Bayer Pharma AG, Cardiology Research, Wuppertal, Germany ; University Witten/Herdecke, Fakultät für Gesundheit, Witten, Germany.
PLoS One. 2013 Aug 28;8(8):e73502. doi: 10.1371/journal.pone.0073502. eCollection 2013.
Approved therapies for pulmonary arterial hypertension can induce oxygen desaturation when administered to patients with secondary forms of pulmonary hypertension (PH), probably due to an increase in ventilation/perfusion mismatch. Thus, so far these treatments have largely failed in secondary forms of PH.
We established an animal model of heterogeneous lung ventilation to evaluate the desaturation potential of mechanistically distinct vasoactive drugs launched or currently in clinical development for the treatment of PH. Single-lung ventilation was induced in five groups (N = 6) of anesthetized minipigs (7 weeks, 4 to 5 kg BW), and their hemodynamic parameters were monitored before and after intravenous injection of control (vehicle only), endothelin antagonist (bosentan; 0.3, 1, 3, 10 mg/kg), phosphodiesterase type 5 inhibitor (sildenafil; 3, 10, 30, 100 µg/kg), and soluble guanylate cyclase stimulators (BAY 41-8543 and riociguat; 1, 3, 10, 30 µg/kg).
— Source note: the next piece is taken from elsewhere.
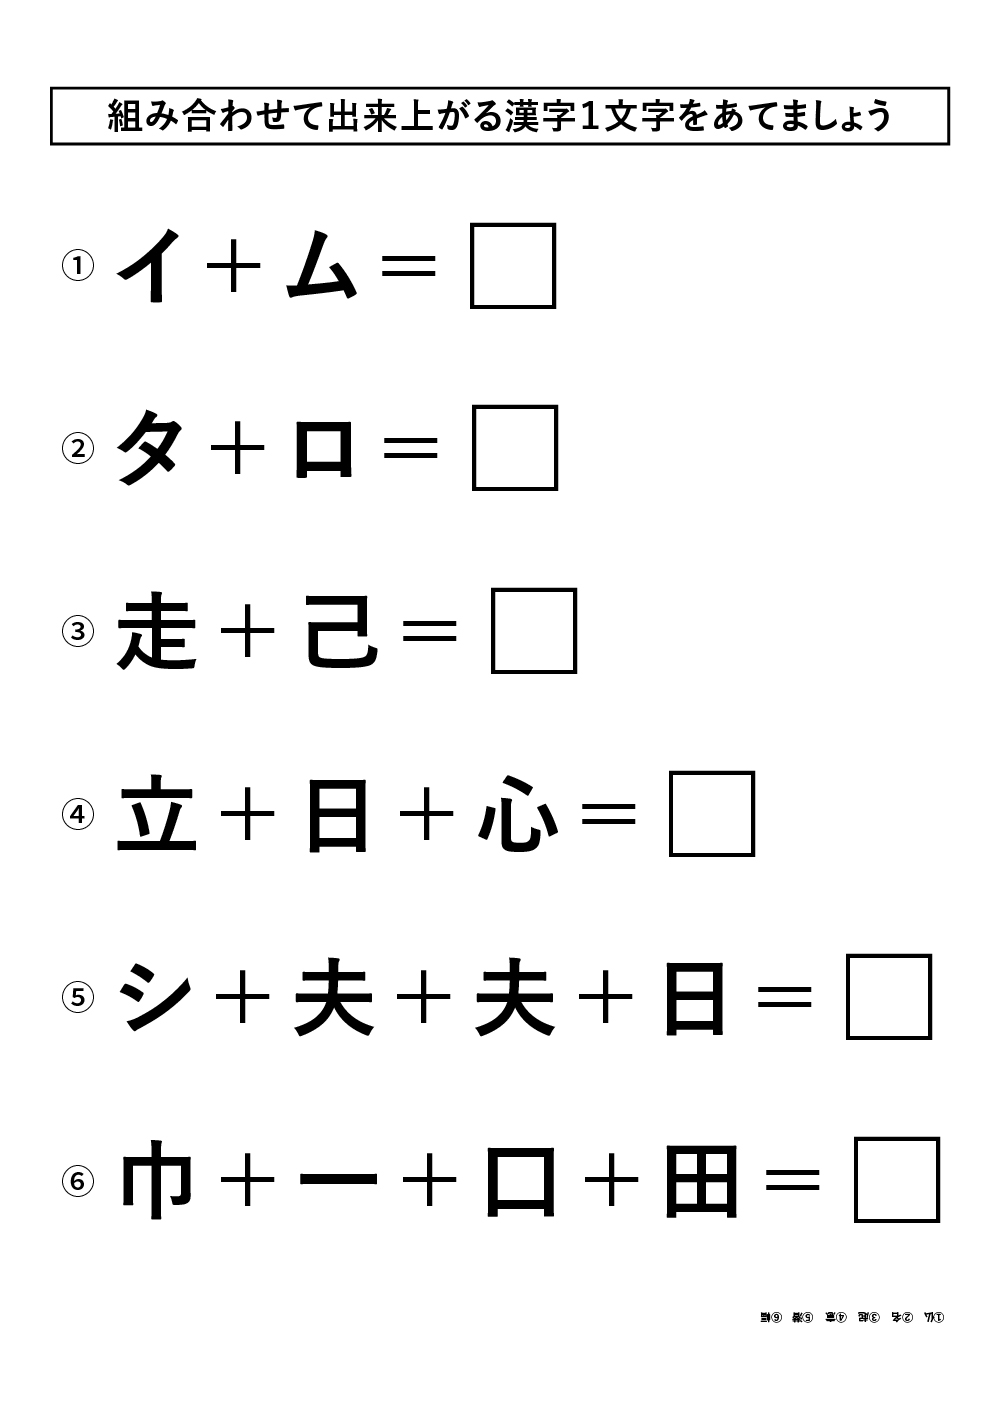 レク素材 漢字クイズ 介護レク広場 レク素材やレクネタ 企画書 の無料ダウンロード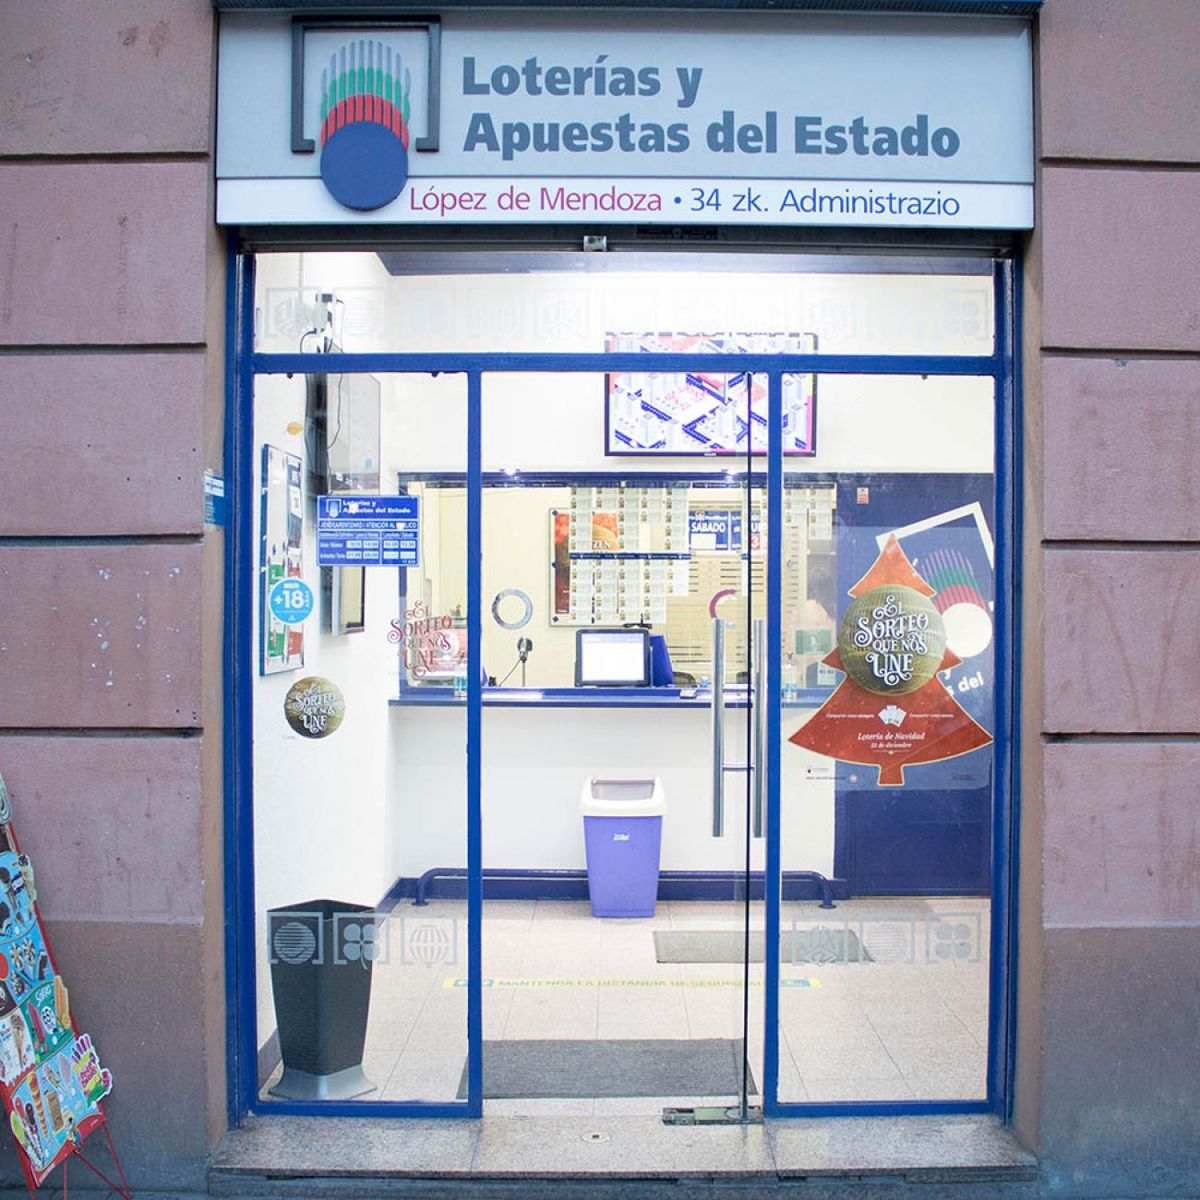 Loterias Lopez de Mendoza en Bilbao

Cumulative doses were administered before successive unilateral ventilation cycles. The doses were chosen to achieve equal effect on blood pressure by the different pharmacologic principles.
Single-lung ventilation resulted in transient increases in mean pulmonary artery pressure (mPAP) and desaturation. In contrast to control, all drugs dose-dependently decreased hypoxic mPAP (a positive treatment effect) and increased area under the arterial hemoglobin saturation curve (unwanted desaturation effect). Riociguat and bosentan reduced hypoxic mPAP to the greatest extent, while the soluble guanylate cyclase stimulators riociguat and BAY 41-8543 lowered arterial oxygen saturation of hemoglobin the least.
Future investigations will be required to confirm these findings in clinical settings.
在给予患有继发性肺动脉高压 (PH) 的患者时,已批准的肺动脉高压治疗药物会引起氧饱和度降低,这可能是由于通气/灌注不匹配增加所致。因此,到目前为止,这些治疗方法在继发性 PH 中基本上都失败了。
我们建立了一种不均勻肺通气的动物模型,以评估用于治疗 PH 的具有不同作用机制的血管活性药物的潜在去饱和作用,这些药物正在开发或已上市。在麻醉的小型猪(7 周龄,4 至 5 公斤体重)的 5 组(N = 6)中诱导单肺通气,并在静脉注射对照(仅载体)、内皮素拮抗剂(波生坦;0.3、1、3、10 毫克/公斤)、磷酸二酯酶 5 抑制剂(西地那非;3、10、30、100 微克/公斤)和可溶性鸟苷酸环化酶刺激剂(BAY 41-8543 和 riociguat;1、3、10、30 微克/公斤)之前和之后监测其血流动力学参数。在连续的单侧通气循环之前,给予累积剂量。选择这些剂量是为了通过不同的药理原理达到对血压的同等作用。
单肺通气导致平均肺动脉压(mPAP)和饱和度短暂升高。与对照相比,所有药物均剂量依赖性地降低低氧 mPAP(治疗效果阳性)并增加动脉血红蛋白饱和度曲线下面积(不期望的去饱和作用)。Riociguat 和波生坦最大程度地降低低氧 mPAP,而可溶性鸟苷酸环化酶刺激剂 riociguat 和 BAY 41-8543 使动脉氧饱和度血红蛋白降低最小。
需要进一步的临床研究来证实这些发现。